*** Data section ***
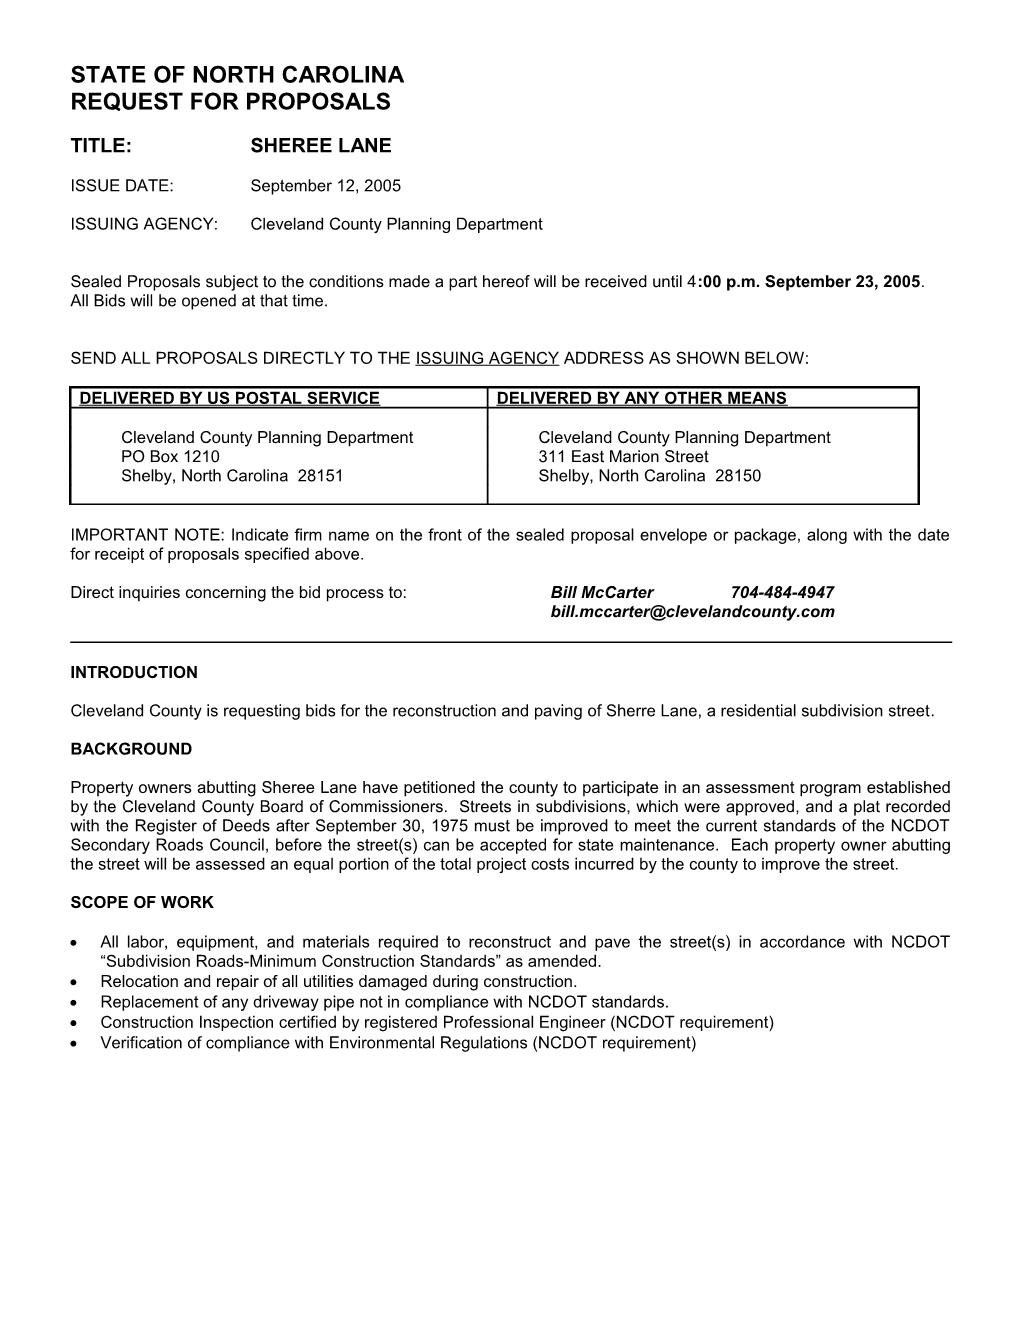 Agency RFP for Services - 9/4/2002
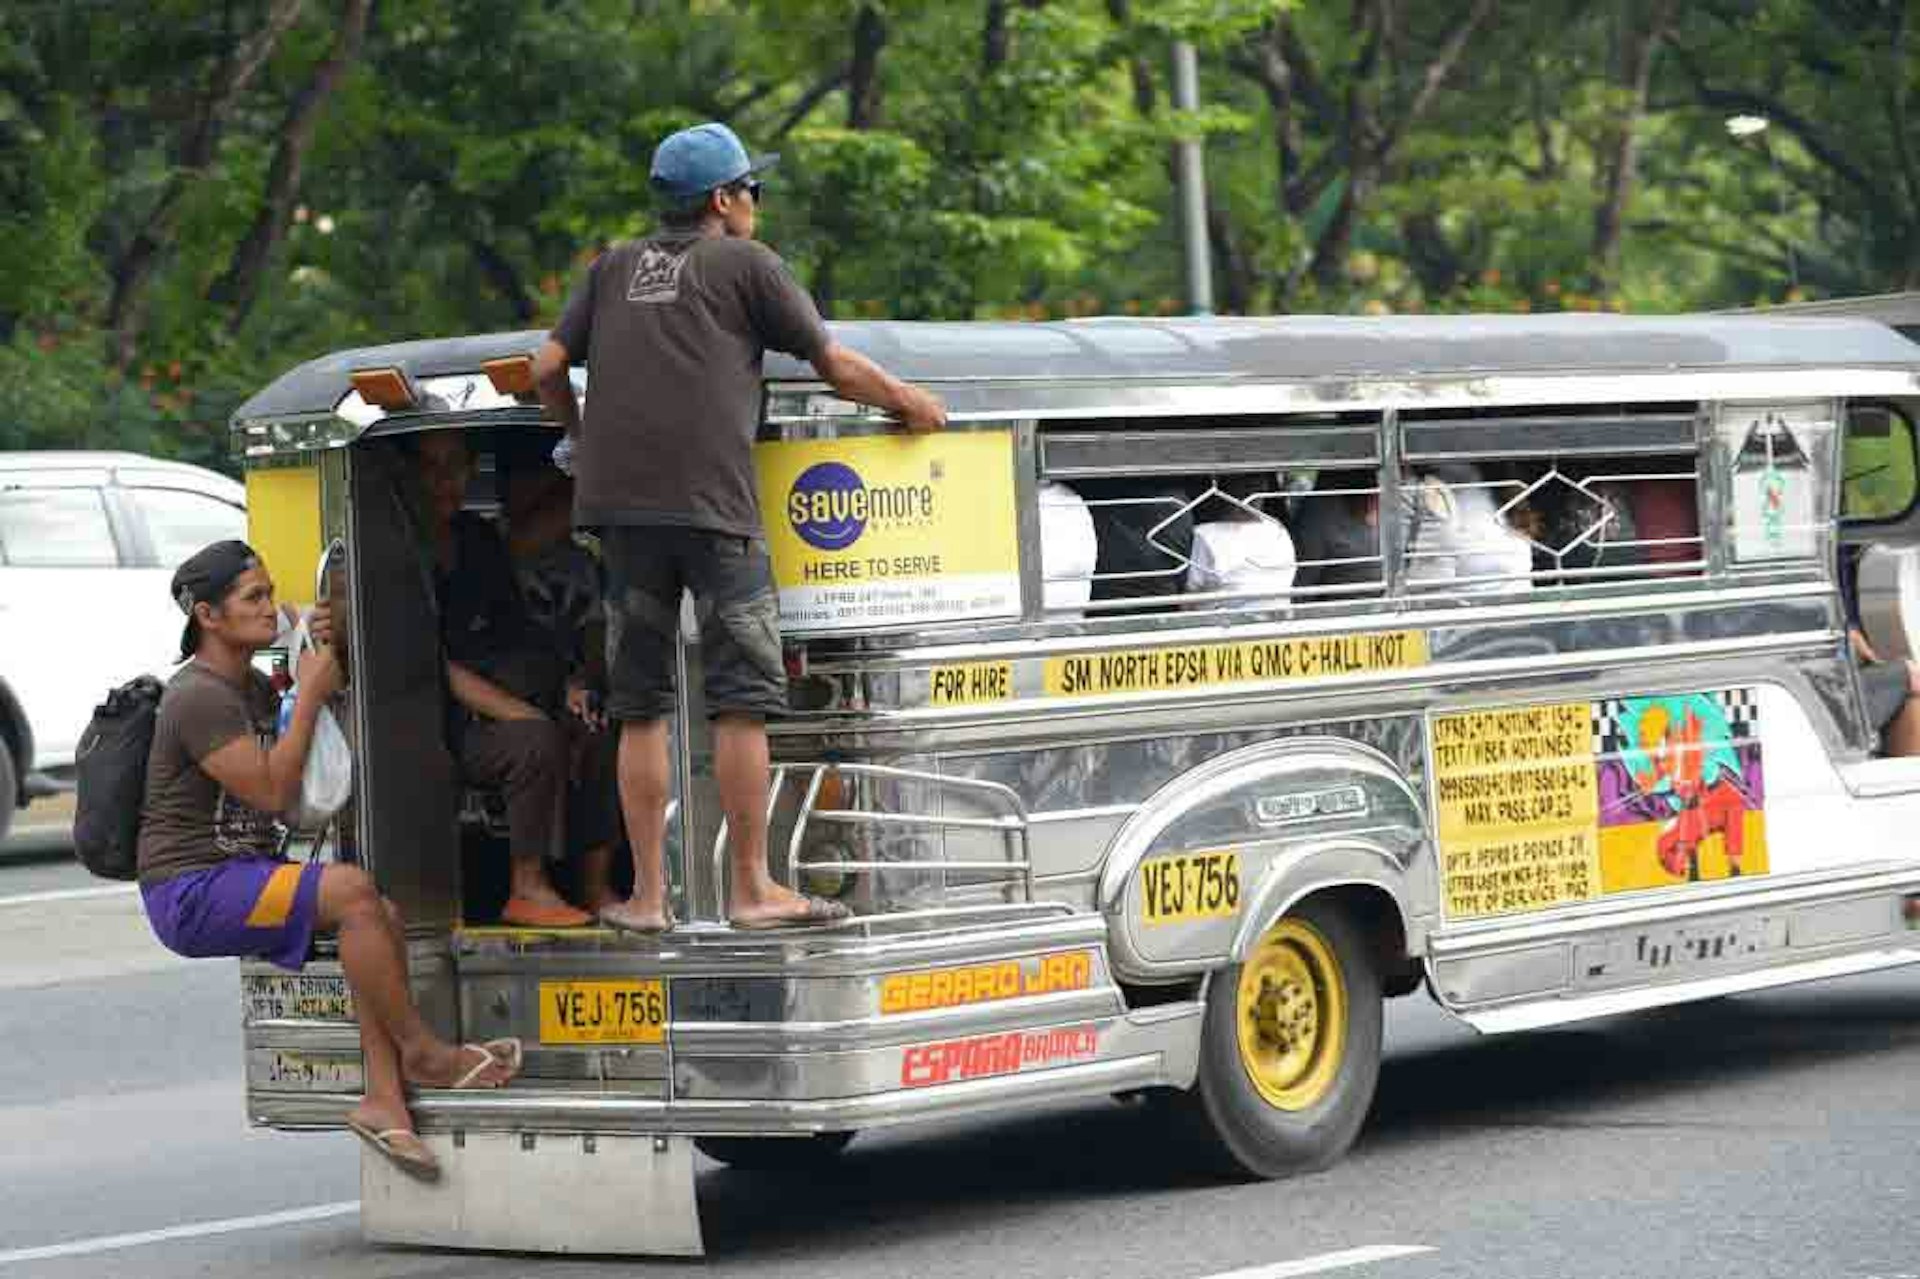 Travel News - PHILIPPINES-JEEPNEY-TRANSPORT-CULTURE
*** End of Data section ***
*** Data section ***
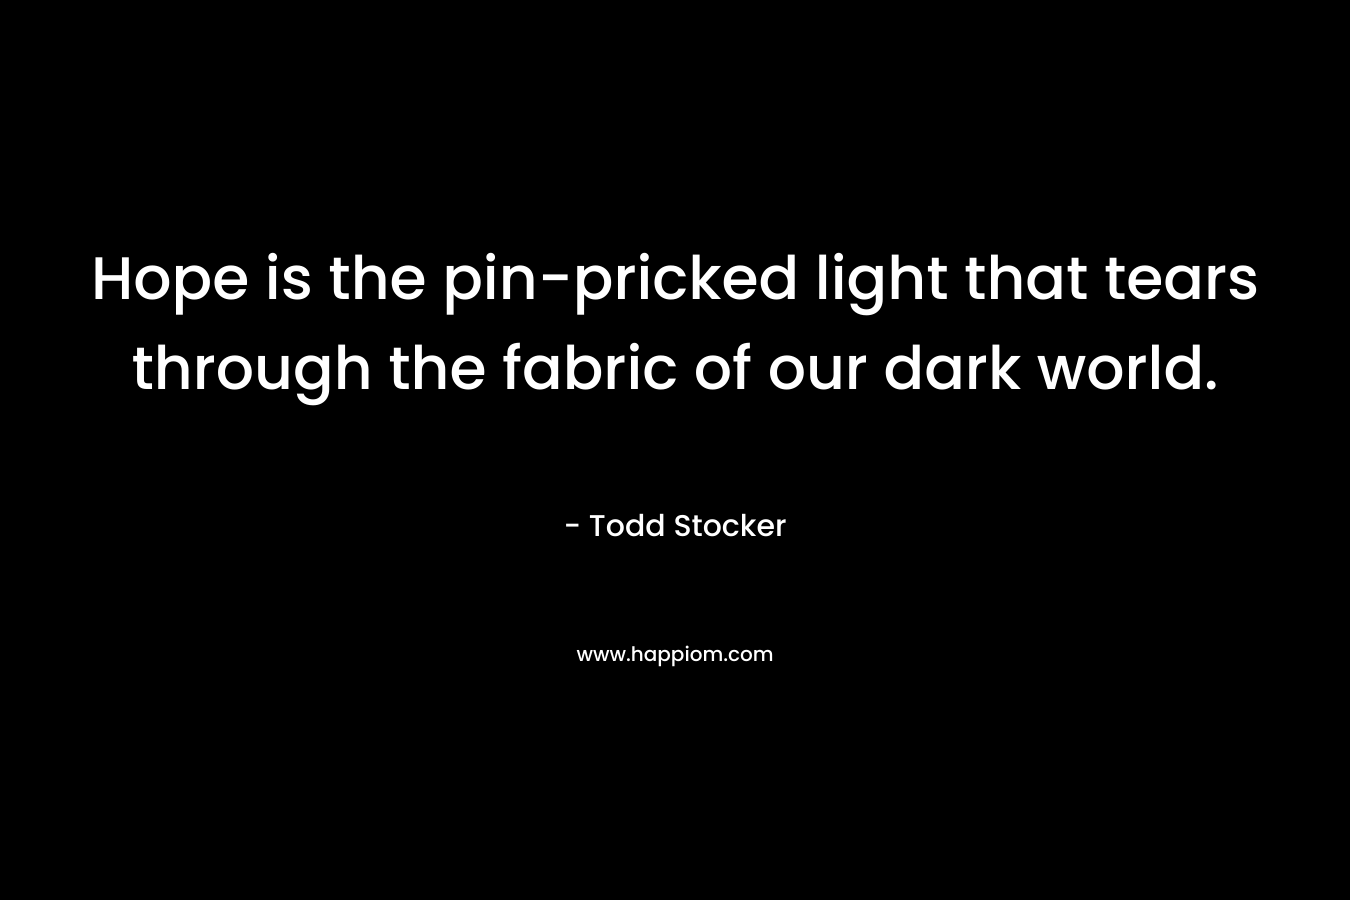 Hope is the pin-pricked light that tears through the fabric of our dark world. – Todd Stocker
*** End of Data section ***
*** Data section ***
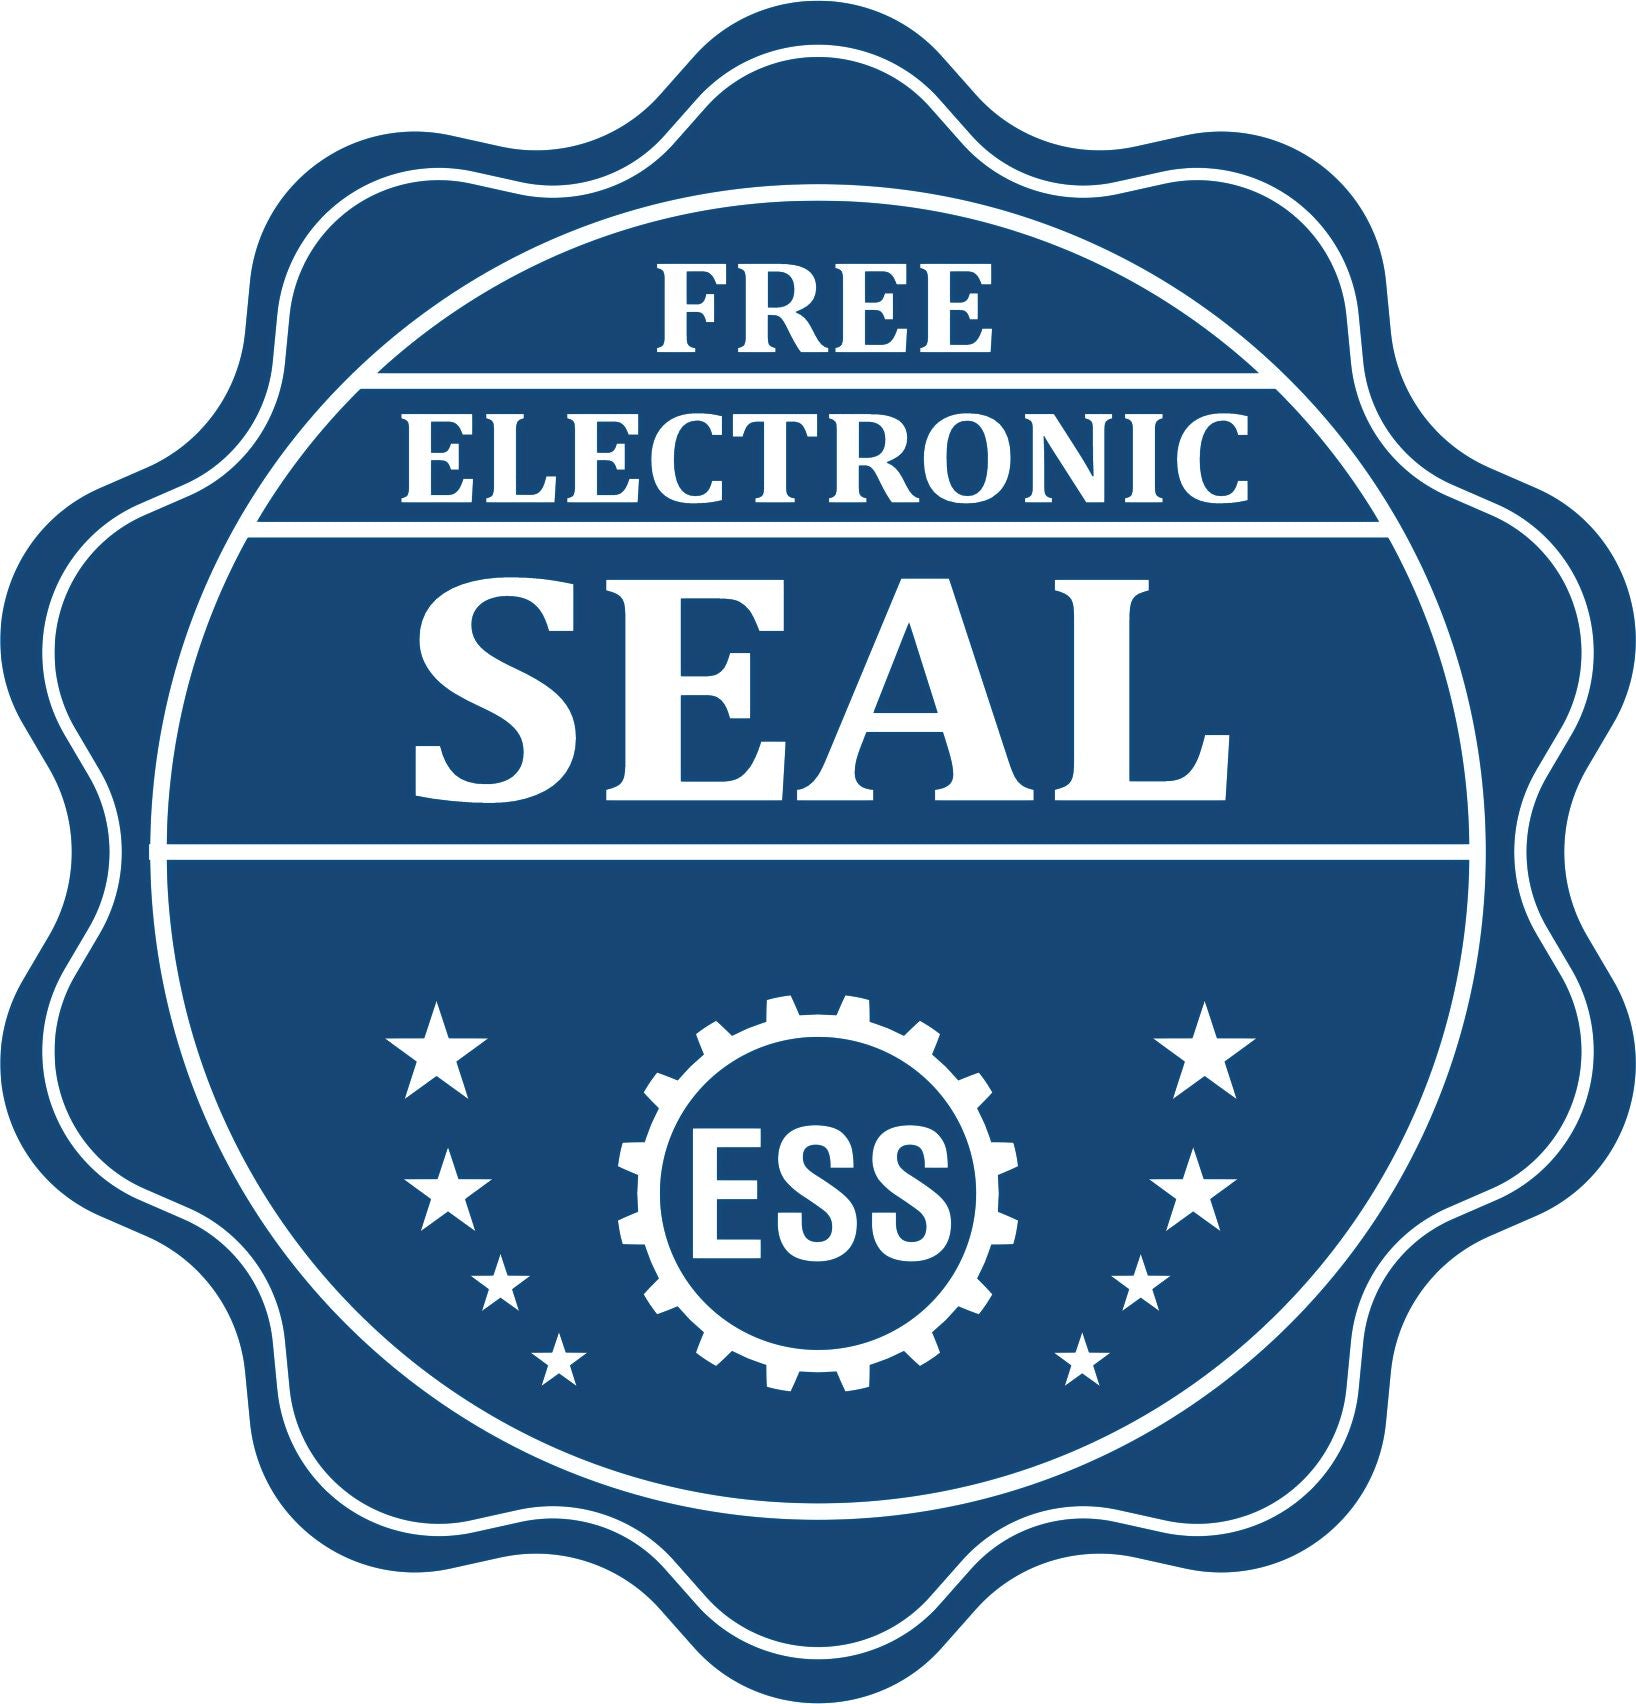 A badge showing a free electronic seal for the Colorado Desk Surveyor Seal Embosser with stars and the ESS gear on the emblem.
*** End of Data section ***
Task:
Starting at the line containing "Agency RFP for Services - 9/4/2002" and stopping at the line containing "Travel News - PHILIPPINES-JEEPNEY-TRANSPORT-CULTURE", output every line above exactly, both ends included, with pictures omitted.

Exercise response:
 Agency RFP for Services - 9/4/2002
 Travel News - PHILIPPINES-JEEPNEY-TRANSPORT-CULTURE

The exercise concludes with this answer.